WHAT THE TASK ASKS:
Reproduce the full set of records verbatim.

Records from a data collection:
*-*-*

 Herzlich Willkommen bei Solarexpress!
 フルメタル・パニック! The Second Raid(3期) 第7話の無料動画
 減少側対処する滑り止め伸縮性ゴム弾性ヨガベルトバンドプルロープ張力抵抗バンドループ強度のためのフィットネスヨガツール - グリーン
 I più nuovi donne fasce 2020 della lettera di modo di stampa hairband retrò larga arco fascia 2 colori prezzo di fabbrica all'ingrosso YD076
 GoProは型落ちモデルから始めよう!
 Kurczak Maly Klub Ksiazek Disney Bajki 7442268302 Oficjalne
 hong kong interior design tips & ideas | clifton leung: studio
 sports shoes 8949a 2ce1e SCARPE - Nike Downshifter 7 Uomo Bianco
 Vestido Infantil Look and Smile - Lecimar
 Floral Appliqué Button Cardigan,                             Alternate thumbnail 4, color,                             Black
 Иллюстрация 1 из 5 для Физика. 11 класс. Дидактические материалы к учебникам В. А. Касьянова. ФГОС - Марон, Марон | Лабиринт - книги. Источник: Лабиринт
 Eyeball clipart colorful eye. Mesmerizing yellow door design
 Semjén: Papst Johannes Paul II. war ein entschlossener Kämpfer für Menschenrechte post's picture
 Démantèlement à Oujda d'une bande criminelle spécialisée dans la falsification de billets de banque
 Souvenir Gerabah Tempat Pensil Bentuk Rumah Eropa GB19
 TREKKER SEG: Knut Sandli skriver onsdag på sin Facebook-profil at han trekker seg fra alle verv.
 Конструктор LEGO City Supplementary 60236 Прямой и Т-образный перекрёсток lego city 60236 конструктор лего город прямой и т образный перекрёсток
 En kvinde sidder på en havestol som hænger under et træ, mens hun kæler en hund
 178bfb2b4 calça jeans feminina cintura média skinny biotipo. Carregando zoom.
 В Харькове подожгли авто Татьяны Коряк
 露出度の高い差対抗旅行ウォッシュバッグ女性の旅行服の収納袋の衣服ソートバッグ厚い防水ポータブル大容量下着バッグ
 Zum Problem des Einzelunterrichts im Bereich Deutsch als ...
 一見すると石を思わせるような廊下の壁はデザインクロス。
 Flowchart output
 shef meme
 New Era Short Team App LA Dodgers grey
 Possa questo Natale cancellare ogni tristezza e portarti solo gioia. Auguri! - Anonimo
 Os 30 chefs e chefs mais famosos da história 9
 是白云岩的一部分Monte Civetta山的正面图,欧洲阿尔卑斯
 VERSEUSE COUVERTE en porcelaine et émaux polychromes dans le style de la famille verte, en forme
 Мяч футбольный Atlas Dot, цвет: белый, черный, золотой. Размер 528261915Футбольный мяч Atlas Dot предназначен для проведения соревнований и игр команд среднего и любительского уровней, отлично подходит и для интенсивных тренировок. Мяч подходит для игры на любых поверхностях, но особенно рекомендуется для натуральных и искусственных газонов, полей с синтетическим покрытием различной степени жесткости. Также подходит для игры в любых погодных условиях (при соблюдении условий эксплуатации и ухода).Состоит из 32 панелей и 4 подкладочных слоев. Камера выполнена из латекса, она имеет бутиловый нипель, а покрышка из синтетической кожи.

*-*-*

EXPECTED ANSWER:
 Herzlich Willkommen bei Solarexpress!
 フルメタル・パニック! The Second Raid(3期) 第7話の無料動画
 減少側対処する滑り止め伸縮性ゴム弾性ヨガベルトバンドプルロープ張力抵抗バンドループ強度のためのフィットネスヨガツール - グリーン
 I più nuovi donne fasce 2020 della lettera di modo di stampa hairband retrò larga arco fascia 2 colori prezzo di fabbrica all'ingrosso YD076
 GoProは型落ちモデルから始めよう!
 Kurczak Maly Klub Ksiazek Disney Bajki 7442268302 Oficjalne
 hong kong interior design tips & ideas | clifton leung: studio
 sports shoes 8949a 2ce1e SCARPE - Nike Downshifter 7 Uomo Bianco
 Vestido Infantil Look and Smile - Lecimar
 Floral Appliqué Button Cardigan,                             Alternate thumbnail 4, color,                             Black
 Иллюстрация 1 из 5 для Физика. 11 класс. Дидактические материалы к учебникам В. А. Касьянова. ФГОС - Марон, Марон | Лабиринт - книги. Источник: Лабиринт
 Eyeball clipart colorful eye. Mesmerizing yellow door design
 Semjén: Papst Johannes Paul II. war ein entschlossener Kämpfer für Menschenrechte post's picture
 Démantèlement à Oujda d'une bande criminelle spécialisée dans la falsification de billets de banque
 Souvenir Gerabah Tempat Pensil Bentuk Rumah Eropa GB19
 TREKKER SEG: Knut Sandli skriver onsdag på sin Facebook-profil at han trekker seg fra alle verv.
 Конструктор LEGO City Supplementary 60236 Прямой и Т-образный перекрёсток lego city 60236 конструктор лего город прямой и т образный перекрёсток
 En kvinde sidder på en havestol som hænger under et træ, mens hun kæler en hund
 178bfb2b4 calça jeans feminina cintura média skinny biotipo. Carregando zoom.
 В Харькове подожгли авто Татьяны Коряк
 露出度の高い差対抗旅行ウォッシュバッグ女性の旅行服の収納袋の衣服ソートバッグ厚い防水ポータブル大容量下着バッグ
 Zum Problem des Einzelunterrichts im Bereich Deutsch als ...
 一見すると石を思わせるような廊下の壁はデザインクロス。
 Flowchart output
 shef meme
 New Era Short Team App LA Dodgers grey
 Possa questo Natale cancellare ogni tristezza e portarti solo gioia. Auguri! - Anonimo
 Os 30 chefs e chefs mais famosos da história 9
 是白云岩的一部分Monte Civetta山的正面图,欧洲阿尔卑斯
 VERSEUSE COUVERTE en porcelaine et émaux polychromes dans le style de la famille verte, en forme
 Мяч футбольный Atlas Dot, цвет: белый, черный, золотой. Размер 528261915Футбольный мяч Atlas Dot предназначен для проведения соревнований и игр команд среднего и любительского уровней, отлично подходит и для интенсивных тренировок. Мяч подходит для игры на любых поверхностях, но особенно рекомендуется для натуральных и искусственных газонов, полей с синтетическим покрытием различной степени жесткости. Также подходит для игры в любых погодных условиях (при соблюдении условий эксплуатации и ухода).Состоит из 32 панелей и 4 подкладочных слоев. Камера выполнена из латекса, она имеет бутиловый нипель, а покрышка из синтетической кожи.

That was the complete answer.